Its given that , all possible (a,b) pairs are equally likely.

let us consider ( 1 thing of A 15 things of B ), (2 thing of A 14 things of B ) and so on ...

There is space for 16 items does not mean that A + B =16 compulsarily

Hence we need to consider each and every possibility. We are assuming that box is not empty.
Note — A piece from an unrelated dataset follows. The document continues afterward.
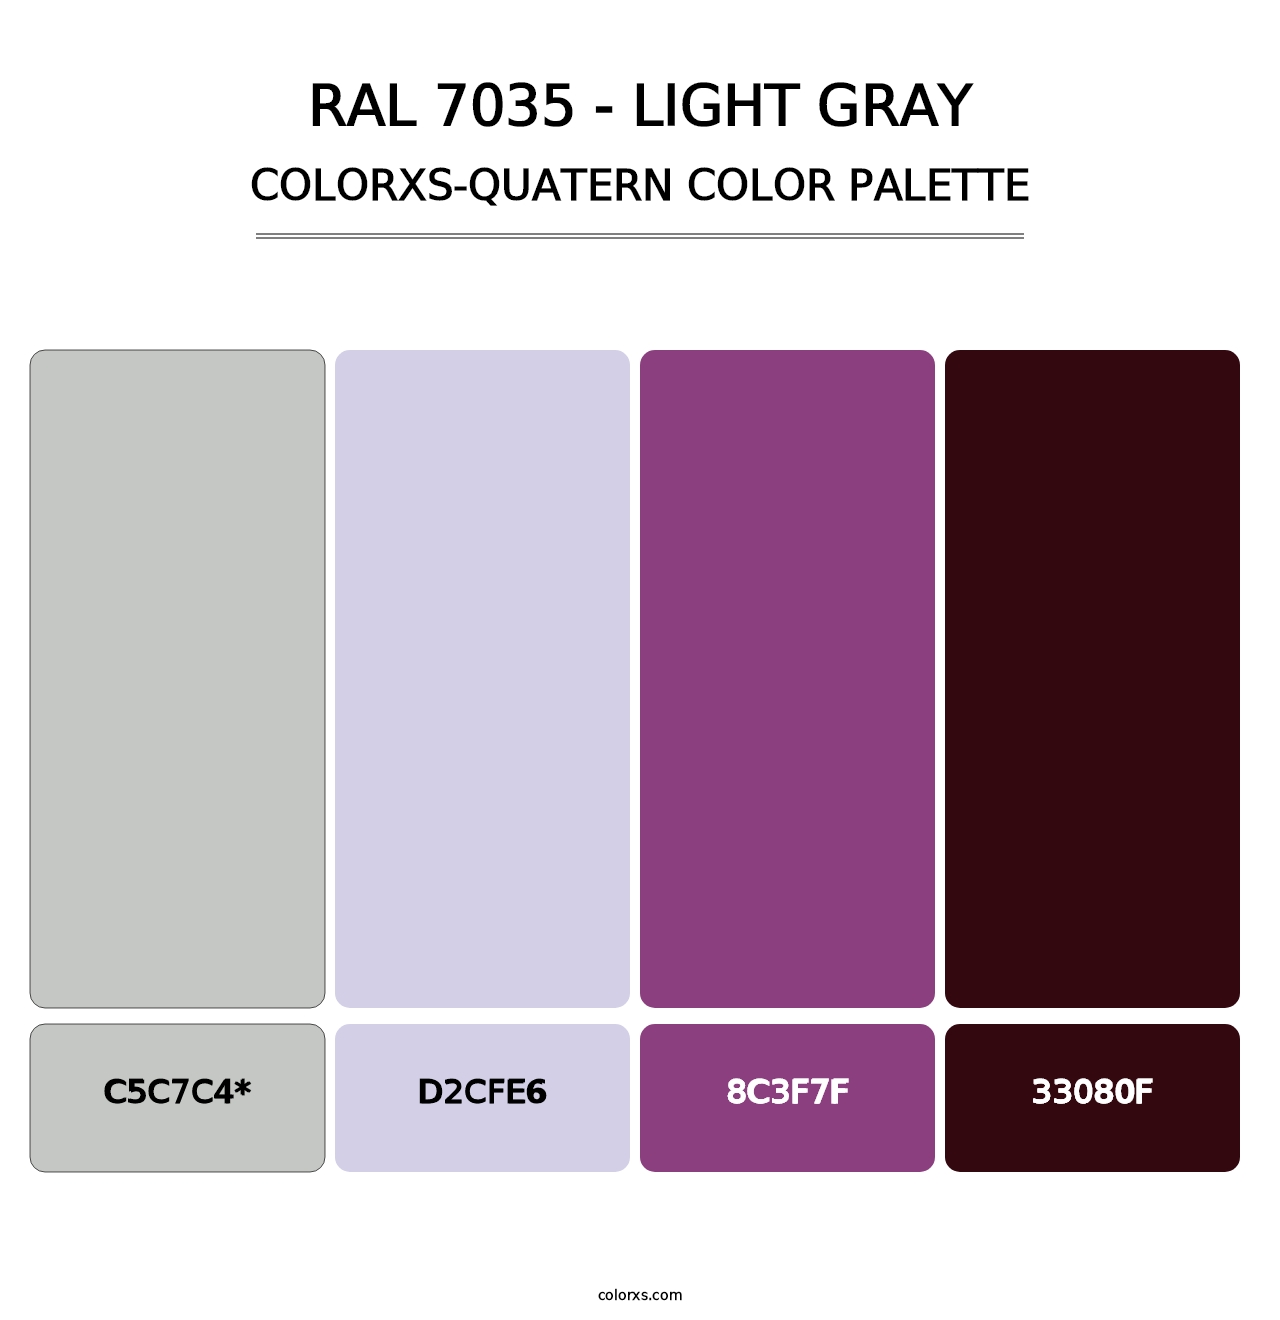 RAL 7035 - Light Gray - Colorxs Quatern Palette

Hence (0,0) pair will not come into picture.

(0,1),(0,2) ,(0,3),...(0,16) total= 16 pairs

(1 ,0), (1,1) , (1,2) ,.... (1,15) total = 16 pairs

(2,0) ,(2,1),(2,2),........(2,14) Total 15 pairs

(3,0),(3,1),.......(3,13) total 14 pairs up to

(15,0),(15,1) total 2 pairs

(16,0) 1 pair

Crriying on we get total pairs as

Total = 16+16+15+14+..........+2 +1

= 152

II) Which event is more likely {A = 1} or {B = 0}?
Justify your answer.

P(B=0) = 16 / 152

= 0.1052

P(A=1) = 16 / 152

=0.1052

Here {A=1} and { B= 0} are both equally likely.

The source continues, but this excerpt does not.